Details about what took place during that period could reveal much about the lengths the administration has gone to break detainees. Padilla has repeatedly said he was injected with a “truth serum,” possibly LSD or another hallucinogen. Orlando do Campo, a member of Padilla’s defense team, says the medical records thus far mention no drugging. To date, only a few scant notes chronicle the military’s psychological evaluation of him. The record is so thin Padilla’s psychiatrists call it “unusual” and “concerning.”
“Someone popped in his cell and wrote one line,” says do Campo.
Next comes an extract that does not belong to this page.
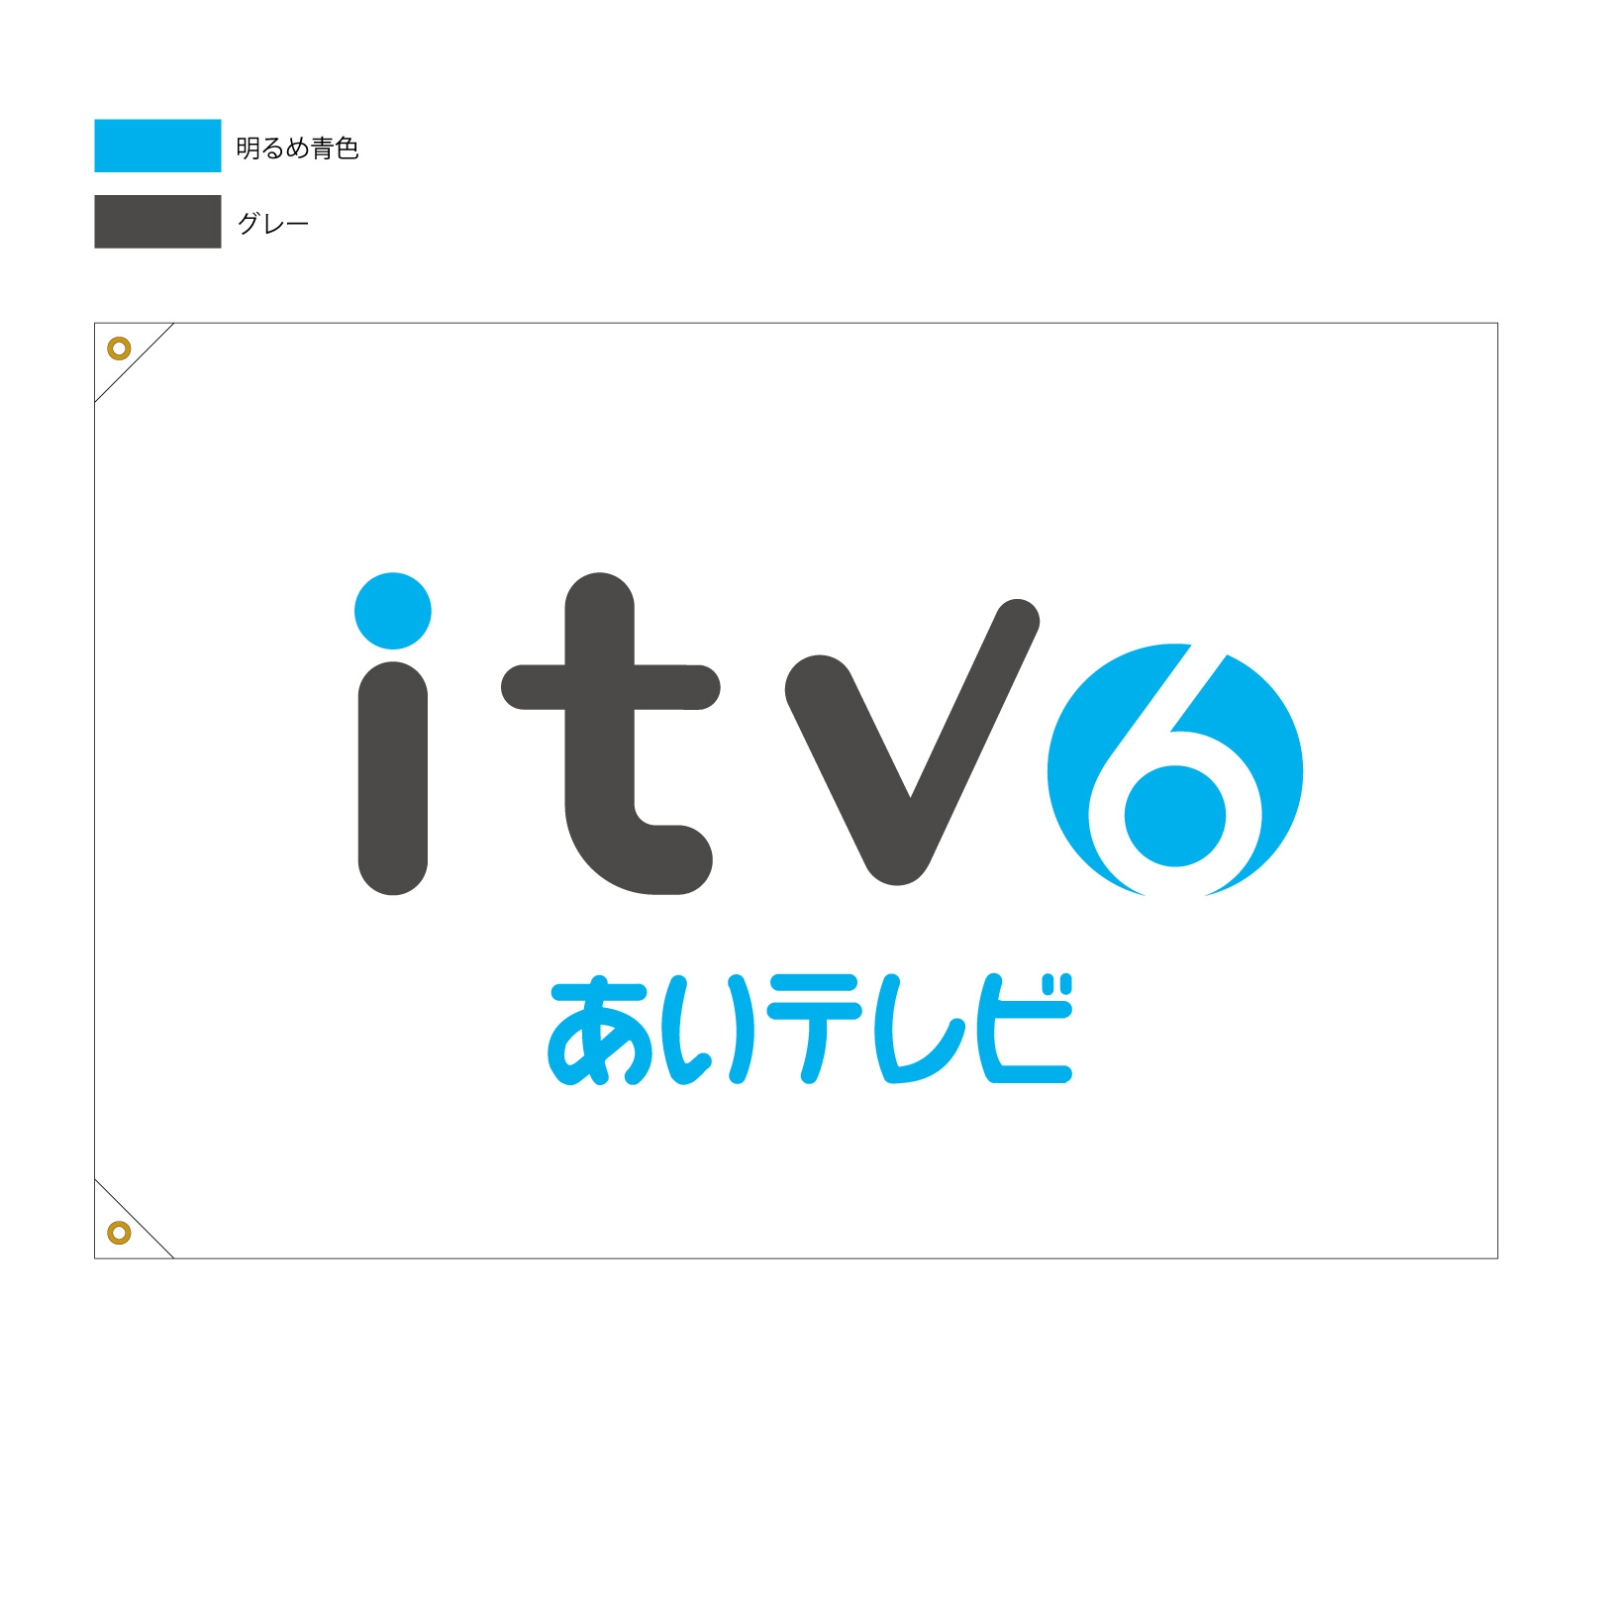 テレビ局の旗

Padilla’s lawyers call his treatment “outrageous.” He was housed in a nine-foot by seven-foot cell, the window of which was taped to prevent natural light from entering. The cell was furnished with a steel platform for a bed, had no clock, and darkness and temperature were controlled externally. Noxious smells seeped in, and adjoining cell doors were electronically opened and closed, disrupting his sleep.
What most terrifies Padilla, according to the psychiatrists’ reports, is the Bush administration’s final trump card. If the civilian trial proves unsatisfactory, the administration has reserved the right to again declare Padilla an enemy combatant and return him to the brig.
The Bush administration seemingly claims the right to subject detainees to whatever it sees fit. In 2005, when he was head of Guantánamo’s medical system, Capt. John Edmondson, a physician, announced that due to the conditions of the detainees’ incarceration, their competency could not be assumed—and thus medical interventions could be delivered without their consent.
Edmondson made the claim in response to accusations that force-feeding hunger-striking detainees was unethical. He wrote, “I do not feel the individuals in this situation meet the criteria for ethical self determination.”
For the most part, the medical community has repudiated the U.S. military. The American Medical Association and American Psychiatric Association have prohibited their members from participating in interrogations—and the psychiatrists have spelled out practices they find incompatible with Hippocratic principles, including humiliation, infliction of physical pain, and sensory and sleep deprivation.